A real time study of the coupled electrochemical and mechanical behaviors of the spinel cathodes in LIBs

Abstract

Spinel cathode materials have great application prospects in lithium batteries (LIBs) due to their characteristics of abundant raw materials, simple preparation processes, and cobalt-free nature. During the electrochemical cycles, the specific capacity of the electrodes decreases significantly due to the dissolution of excess metal ions and mechanical degradation, which hinder their further application and development. Here, a bending curvature measurement system (BCMS) was designed to simultaneously measure the mechanical properties of the spinel cathodes during the electrochemical reaction. Three types of cathodes were chosen as the working cathode, and the coupled mechanical and electrochemical properties were analyzed to understand their degradation mechanism.

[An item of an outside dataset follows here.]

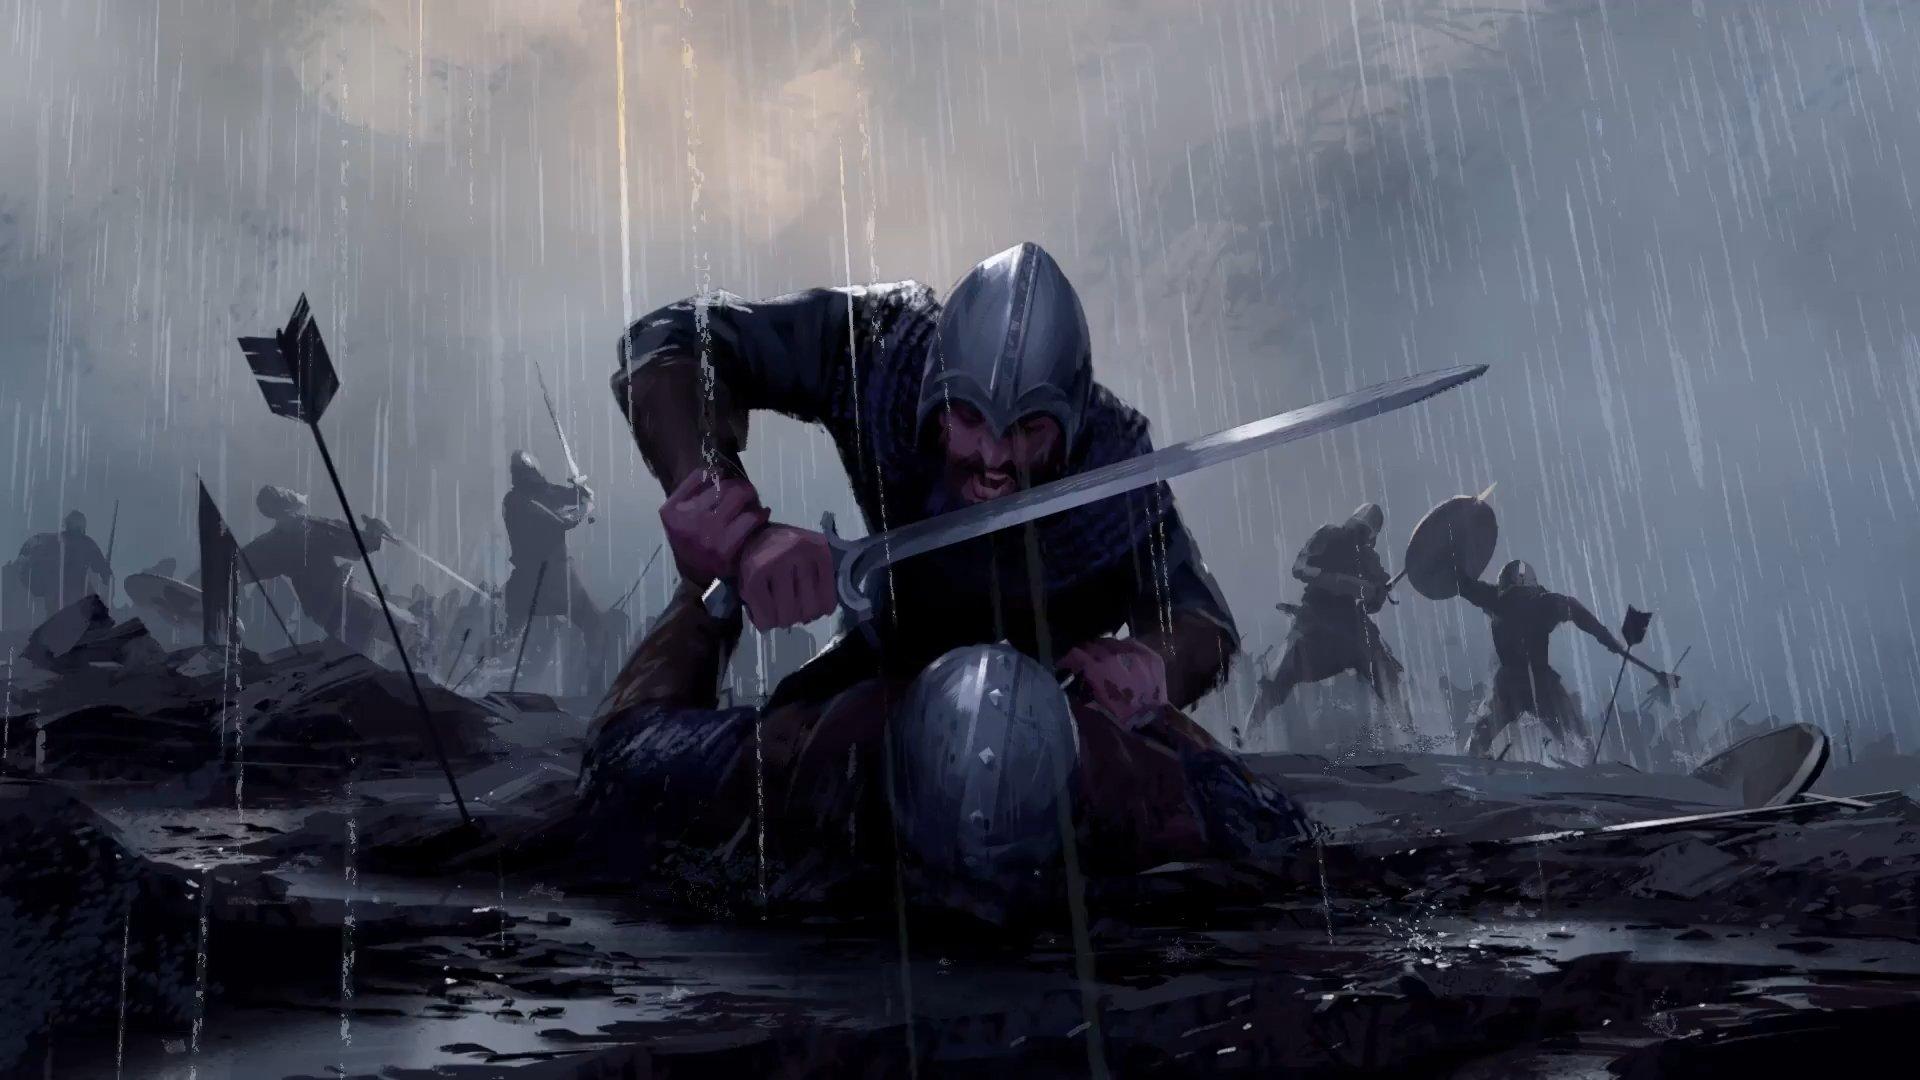 Total War Saga: Thrones of Britannia Oynanış Videosu, Sinematik Fragman.

During cycling, a hysteresis loop is observed for the curvature, modulus, plain strain, and stress, where LiMn₂O₄ (LMO) has the largest loop for the mechanical response while the LiNi_0.5Mn_1.5O₄@Al₂O₃ (LNMO@Al) one has the smallest loop. Besides, the changing trend of LNMO@Al is the smallest in multiple cycles and it shows the more stable mechanical properties. This study shows from in situ mechanical measurements that the mechanical properties can greatly affect the electrochemical performance of the cathodes. These findings could offer new insights into the understanding of the electrochemical performance degradation in the spinel cathodes and can help develop strategies to enhance the performance of LIBs.